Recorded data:
= Beginning of Section =
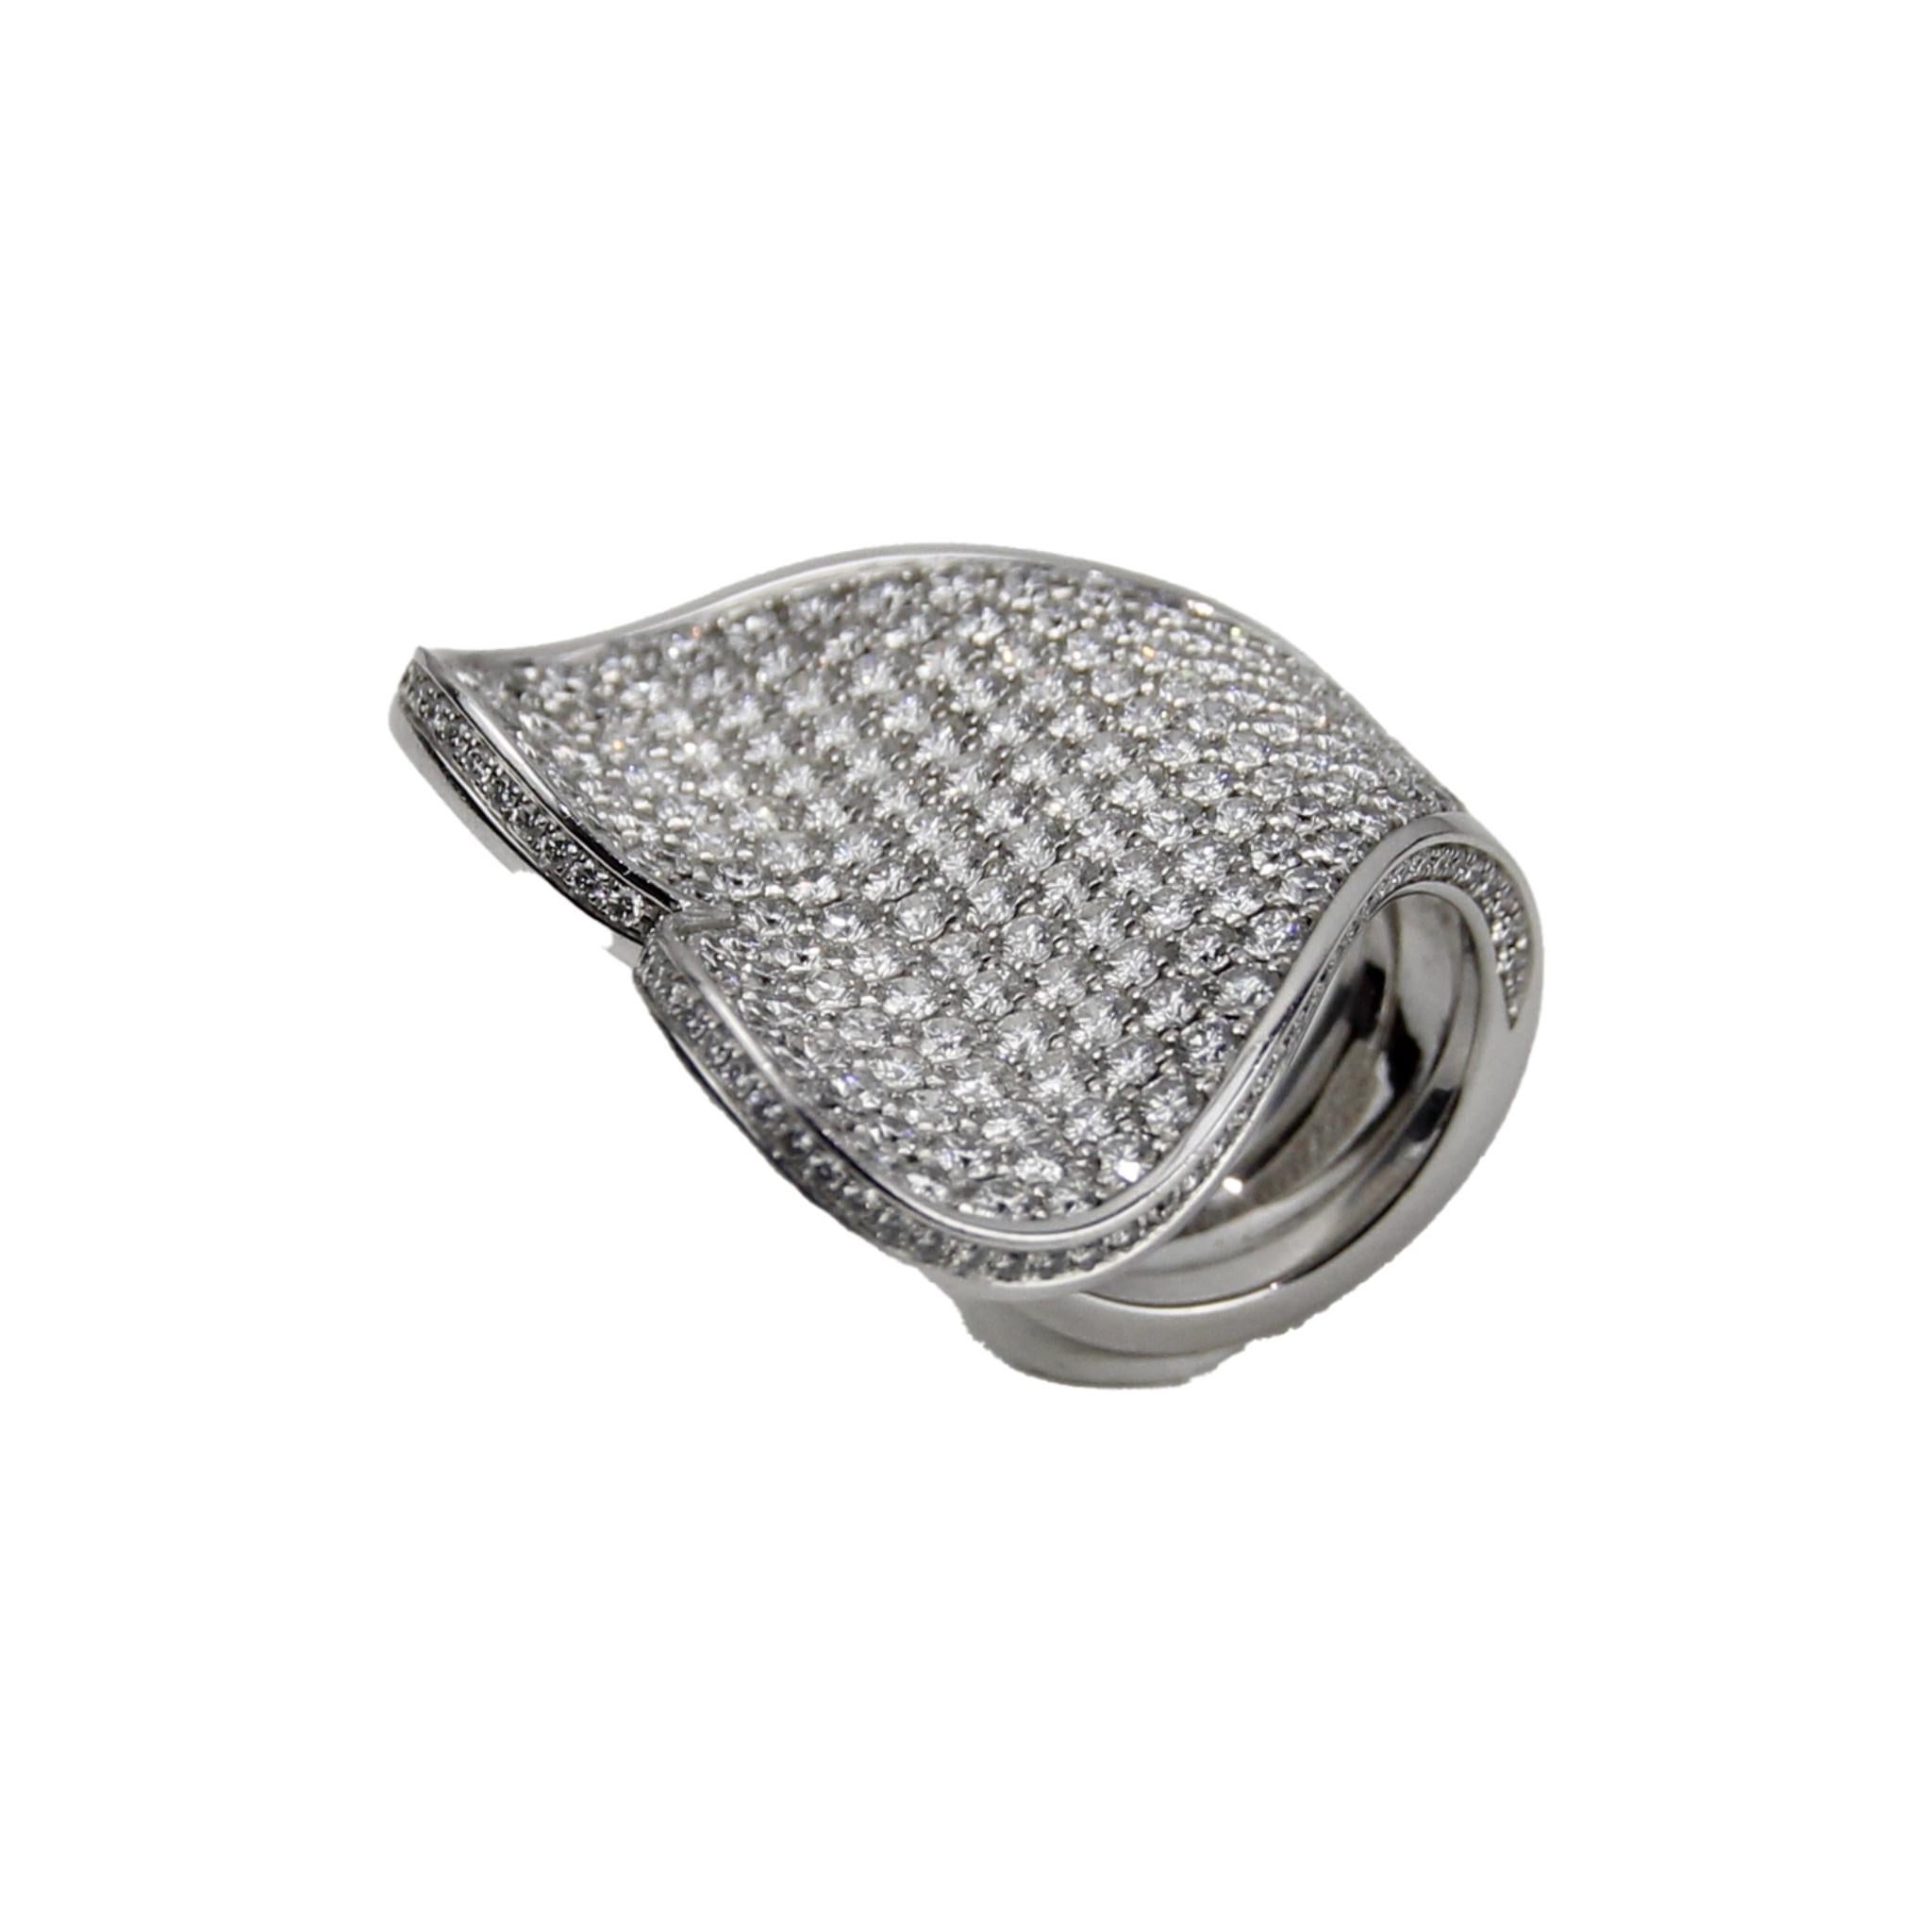 Roger Dubuis Heart Ring
18K White Gold
Diamond: 7.50ctw
Size: 6.5
SKU: MRD01433
Retail price: $32,000.00
= End of Section =
> _Task details_:
Although the records hold pictures, return only what remains, word for word.

> _Solution to this task_:
 Roger Dubuis Heart Ring
18K White Gold
Diamond: 7.50ctw
Size: 6.5
SKU: MRD01433
Retail price: $32,000.00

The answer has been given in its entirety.